When the Chopins were living in one of the professorial apartments at Casimir Palace, they established a warm friendship with the Kolbergs, who lived on the ground floor of the building. In later years, the Kolbergs moved into a rented apartment on the corner of ul. Krakowskie Przedmieście and ul. Oboźna.
The head of the family, Juliusz Kolberg, was a cartographer, surveyor and Warsaw University lecturer. He befriended Kazimierz Brodziński, who remembered him as a ‘gentle and straightforward’ person: ‘Colberg [sic] wrote poems in German […]’, noted Brodziński. ‘They were all inspired with that angelic purity of feeling, with that longing for a more elevated world. […] There was patience, perseverance and gentleness in his manner. […]

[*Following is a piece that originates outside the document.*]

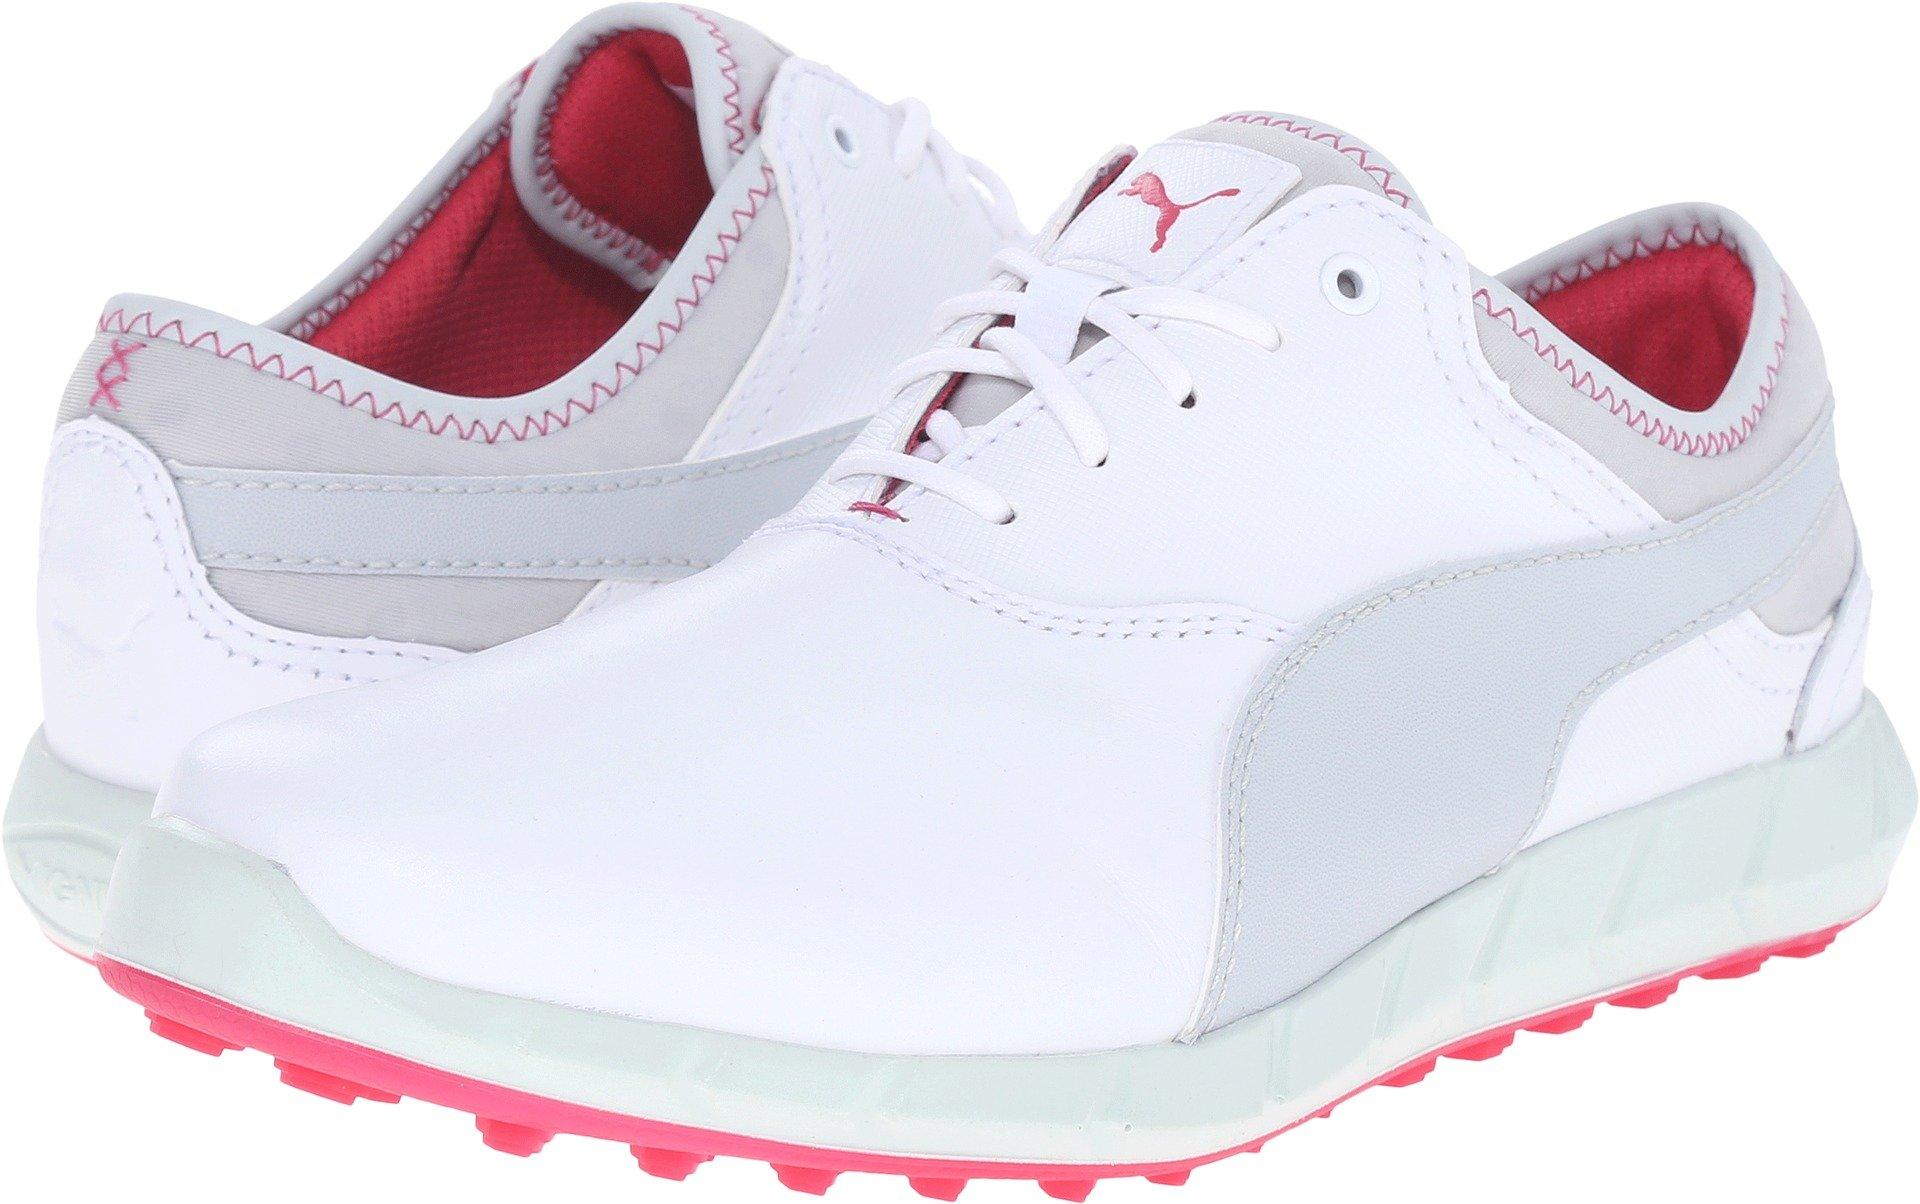 PUMA Golf Women's Ignite Golf White/Glacier Gray/Rose Red Sneaker 5.5 B (M)

‘Surrounded by six children, in his meagre lodgings, amid piles of paper and surveying instruments, he worked patiently with the most gentle resignation, detached from the poetic freedom and views of nature that he so loved’.
Of the six children mentioned, Fryderyk was especially friendly with Juliusz’s three sons, Wilhelm, Oskar and Antoni.
Chopin presented or dedicated several works to Wilhelm (a future cartographer, metrologist and road and bridge engineer, who wrote to him in Szafarnia ‘with only half his pen’): the Mazurka in A flat major, Op. 7 No. 4, Waltz in B minor, Op. 69 No. 2 and Polonaise in B flat minor (Adieu à Guillaume Colberg [Farewell to Wilhelm Kolberg]). Oskar was an outstanding ethnologist, who wrote the multi-volume work Lud [The common folk]. While he never got to finish the study on Chopin he was planning, the wealth of materials he collected proved to be of invaluable assistance to two of Chopin’s earliest biographers: Maurycy Karasowski and Marceli Antoni Szulc. Antoni was a talented painter, who completed a portrait of Chopin in Paris in early 1848. He also painted several watercolours that are now lost but known to us through reproductions, as well as a sketch of the interior of the Chopins’ living room in Krasiński Palace.
Chopin came to the Kolberg residence on the corner of ul. Krakowskie Przedmieście and ul. Oboźna for English lessons with Julian Fontana and Wilhelm. Their teacher was a man of Irish extraction named McCartney, who was well known in the capital at the time. ‘These lessons’, Wilhelm remembered later, ‘came to life with endless ideas, gestures and pranks that, for the most part, were Chopin’s doing’.